We also observed that hardware-based program spectra are not as flexible as software-based spectra. At the end, a hardware performance counter is a simple counter counting the number of low-level events occurring on the CPU. It is not possible to programmatically extend the capabilities of these counters or to programmatically develop new counters. Yet, they can count events that may not be counted with traditional software-based instrumentation, such as the number of misses / hits in data and instruction caches, and the number of pipeline stalls and flushes.

Furthermore, hardware performance counters provide an unobtrusive means (to the extend possible) of collecting information from inside program executions. In a study, we observed that it takes only 45 clock cycles on average to read the value of a virtual counter on our test platform [8]. Note that even though the cost of reading counters is low, the cost is paid each time the counters need to be read. Therefore, this fact should be taken into account when designing new hardware-based program spectra.

Due to these limitations, hardware-based program spectra may not be suitable for all types of quality assurance tasks.

However, despite these limitations, for the quality assurance approaches developed in the project and the hardware-based program spectra, software- based program spectra, subject applications, defects, and test cases used in the experiments, the results of our experiments strongly support our basic hypotheses:

1) There are identifiable and repeatable patterns in program executions.
2) Hardware-based program spectra can reliably capture these patterns at a lower runtime overhead, compared to traditional software-based program spectra.
3) Identifying similarities to these patterns and/or deviations from them can help quality assurance tasks improve software quality.


[1] A. C. Atici, C. Yilmaz, and E. Savas. Debugging for pinpointing information leakage. In preparation for submission to a conference, 2012.

[2] B. Ozcelik. Lightweight runtime failure prediction. Msc Thesis, Sabanci University, 2012.

[3] B. Ozcelik, K. Kalkan, and C. Yilmaz. An approach for classifying program failures. In proceedings of International Conference on the Advances in System Testing and Validation Lifecycle, VALID '10, pages 93 - 98, 2010.

[4] B. Ozcelik and C. Yilmaz. Lightweight runtime failure prediction. In preparation for submission to an SCI-indexed journal, 2012.

[5] E. Savas and C. Yilmaz. Cache attacks: An information and complexity theoretic approach. In International Conference on New Technologies, Mobility and Security (NTMS'12), pages 1 - 7, 2012.

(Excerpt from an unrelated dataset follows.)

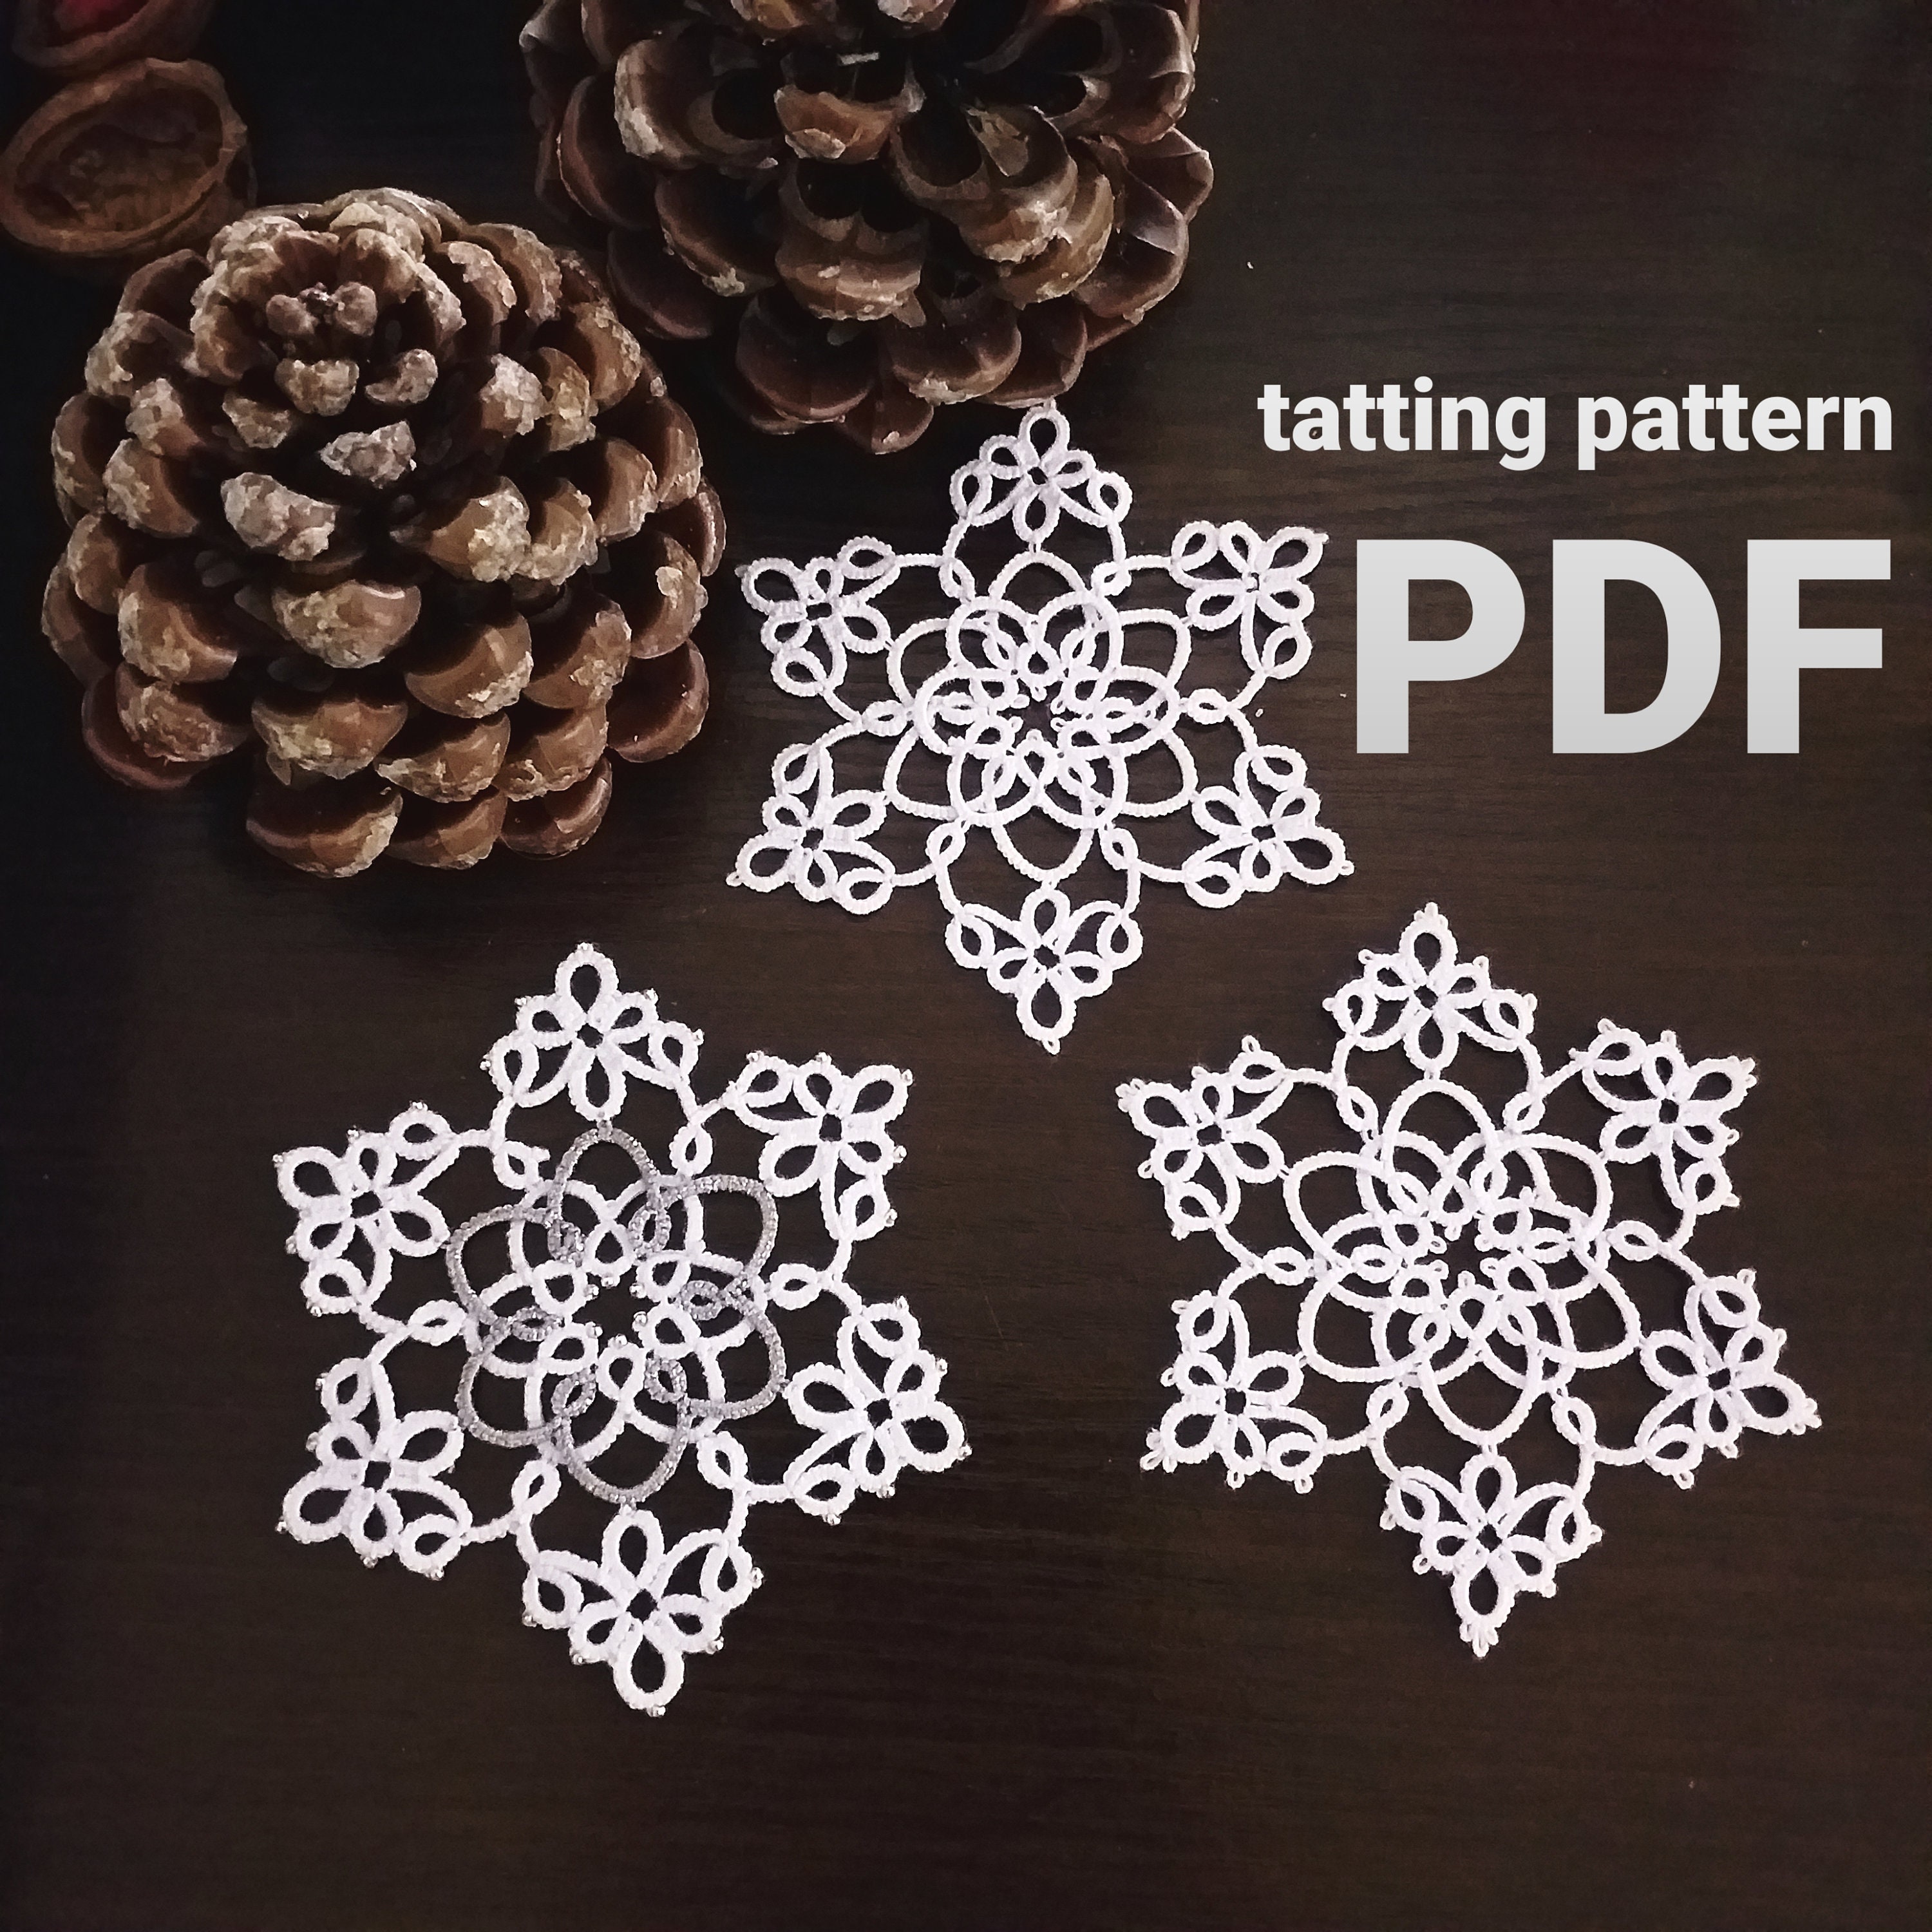 How to read tatting patterns - FairyLace - free tatting pattern snowflake

[6] C. Yilmaz. Using hardware performance counters for fault localisation. In proceedings of International Conference on the Advances in System Testing and Validation Lifecycle, VALID '10, pages 87 - 92, 2010.

[7] C. Yilmaz, E. Dumlu, and A. Porter. Program yurutmelerini siniflandirmak icin donanim ve yazilim olcum aygitlarini birlestirme. In Proceedings of Yazilim Kalitesi ve Yazilim Gelistirme Araclari Sempozyumu (in Turkish), pages 279 - 286, 2010.

[8] C. Yilmaz and A. Porter. Combining hardware and software instrumentation to classify program executions. In Proceedings of the eighteenth ACM SIGSOFT international symposium on Foundations of software engineering, FSE '10, pages 67 - 76, New York, USA, 2010.

[9] C. Yilmaz and A. Porter. Combining hardware and software instrumentation for fault detection. Extended version of the original fault detection work, to be submitted to an SCI- indexed journal, 2012.

[10] C. Yilmaz and E. Savas. Automatically identifying spy processes. In preparation for submission to a conference, 2012.